_Problem requirements_
Taking the data below, please print only the lines from the line holding "New Balance Women's" to the line holding "ukraine - issuu", inclusive, with pictures omitted.

_Data supplied_
----

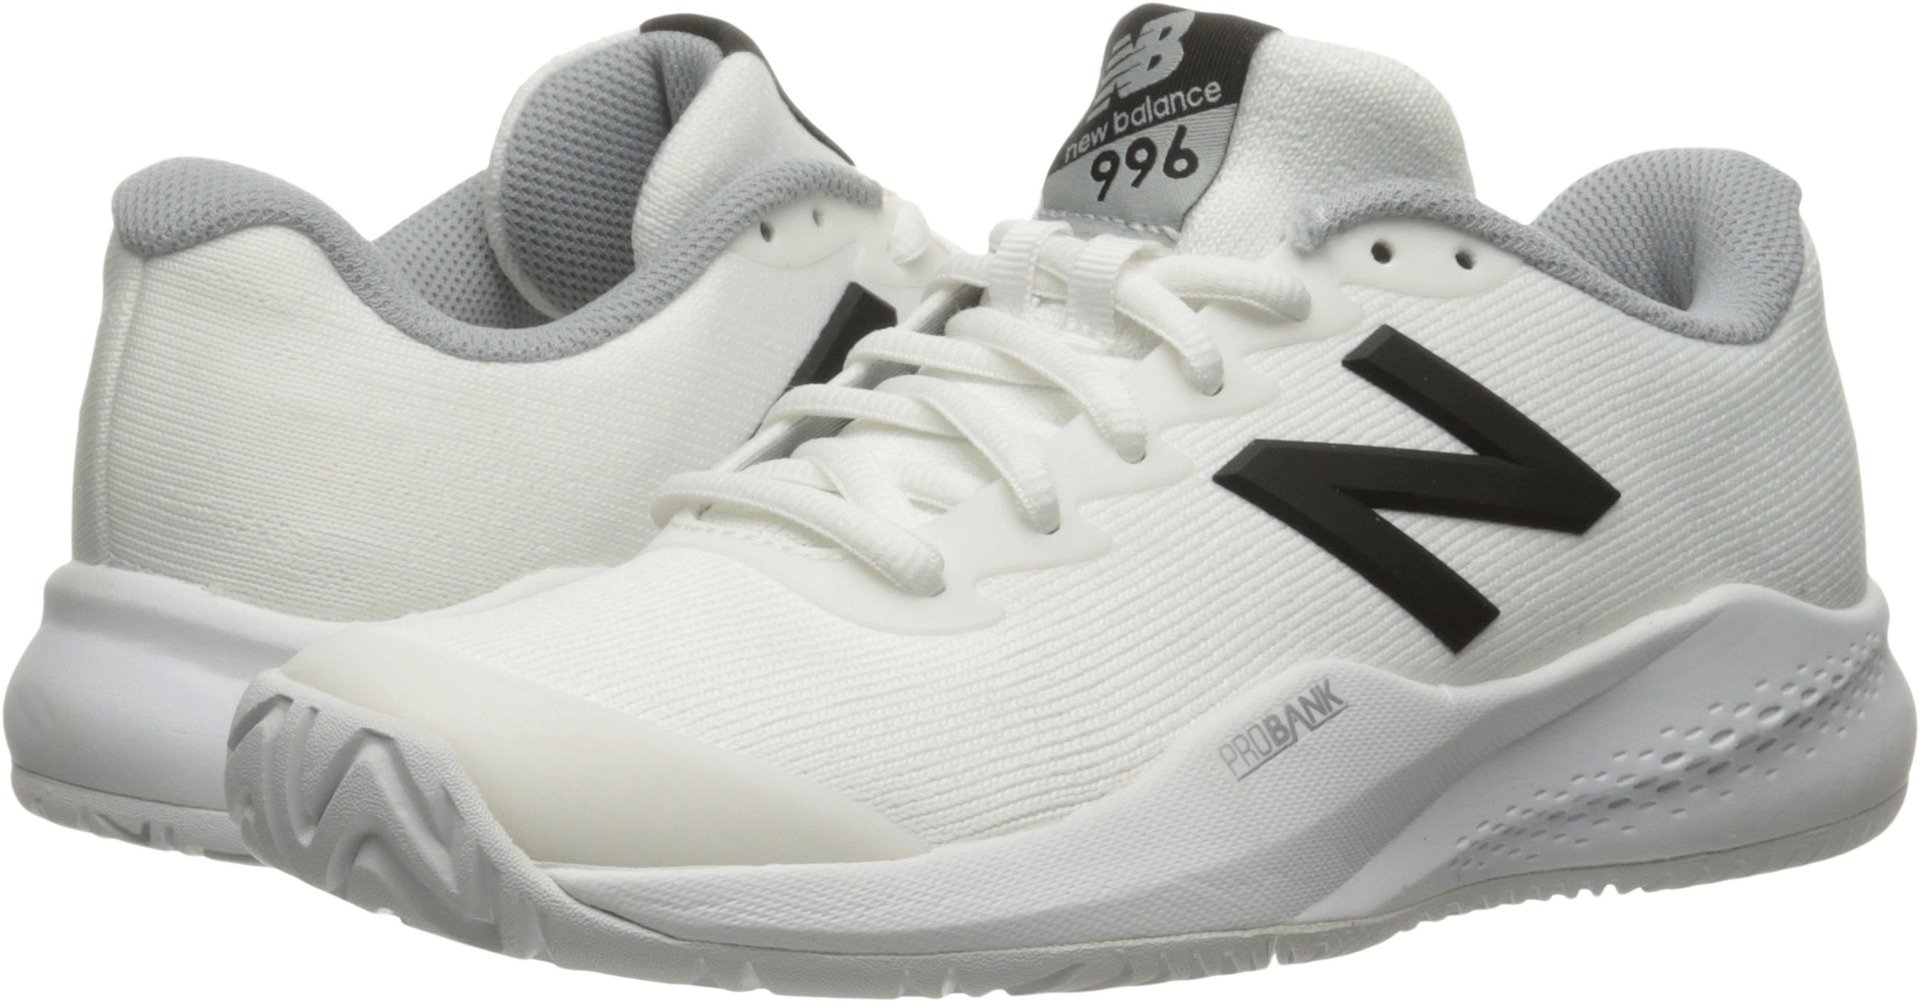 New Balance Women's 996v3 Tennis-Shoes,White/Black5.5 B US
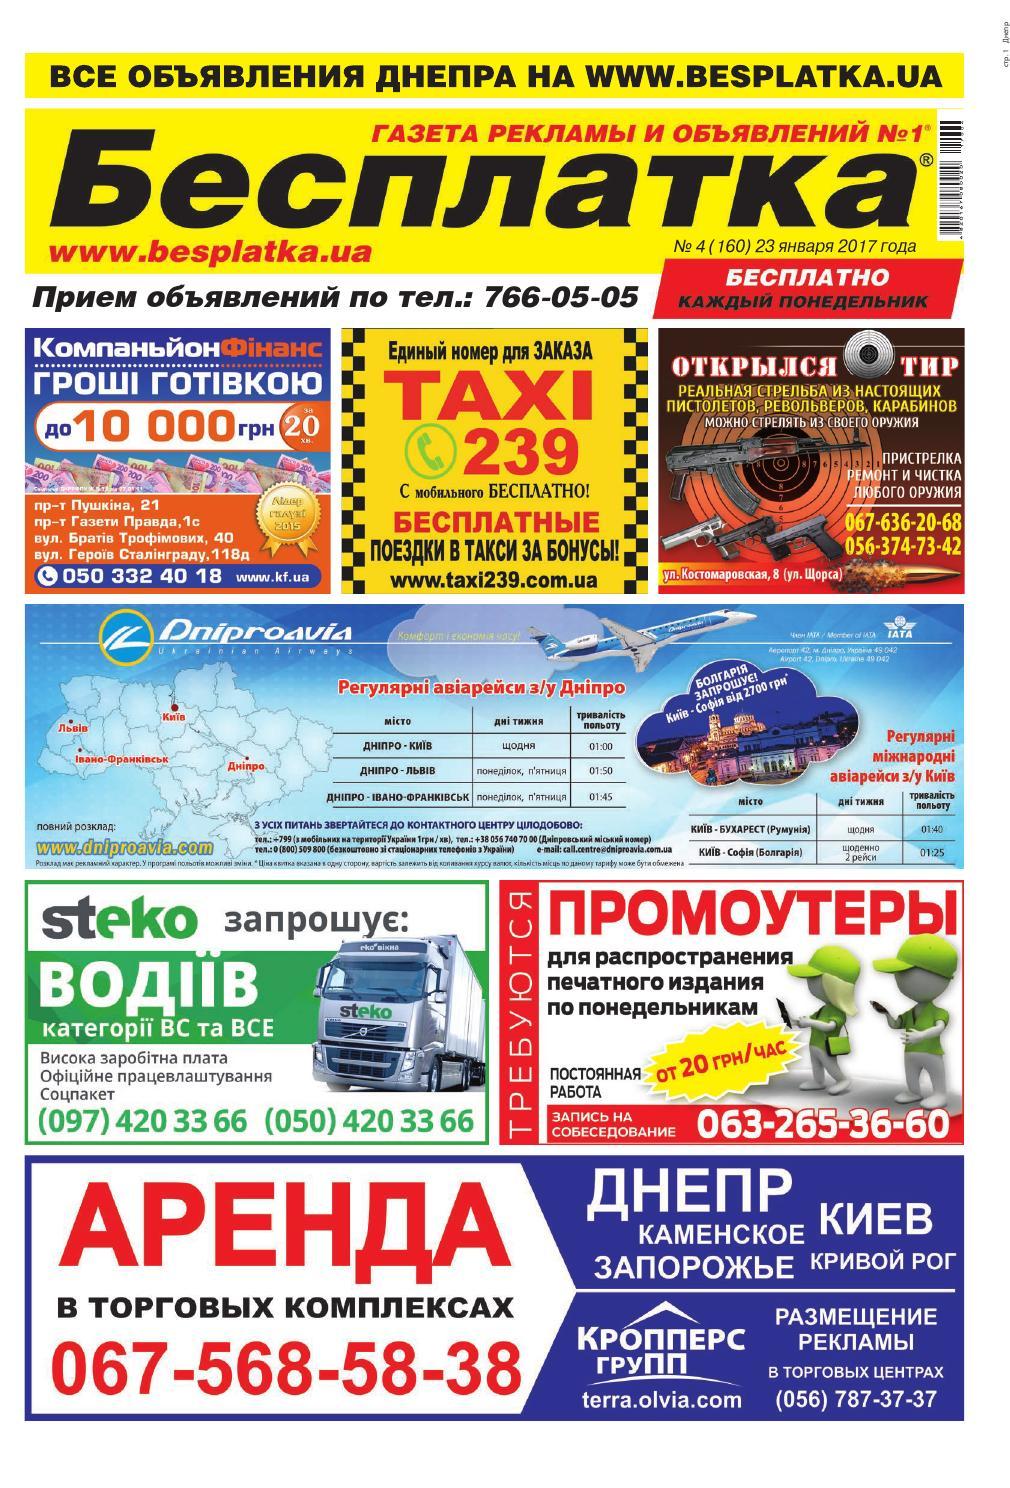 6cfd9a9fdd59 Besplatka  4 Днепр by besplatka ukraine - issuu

----

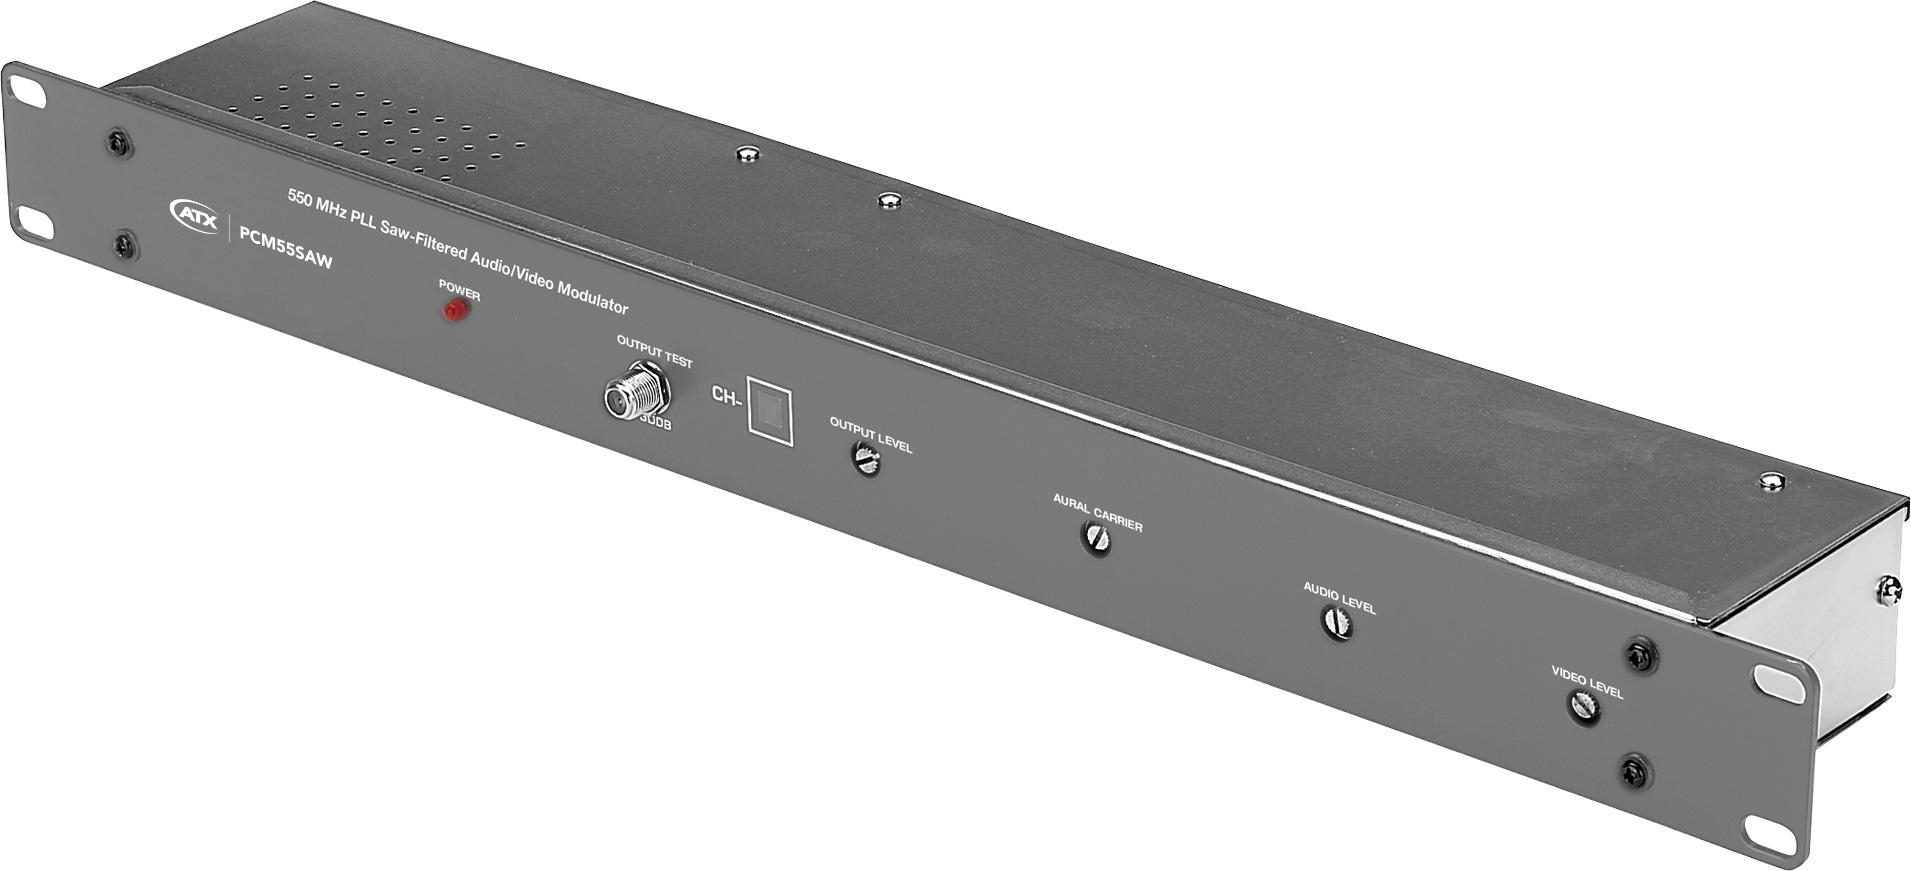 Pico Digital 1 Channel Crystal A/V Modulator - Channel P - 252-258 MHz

----

_Task result_
 New Balance Women's 996v3 Tennis-Shoes,White/Black5.5 B US
 6cfd9a9fdd59 Besplatka  4 Днепр by besplatka ukraine - issuu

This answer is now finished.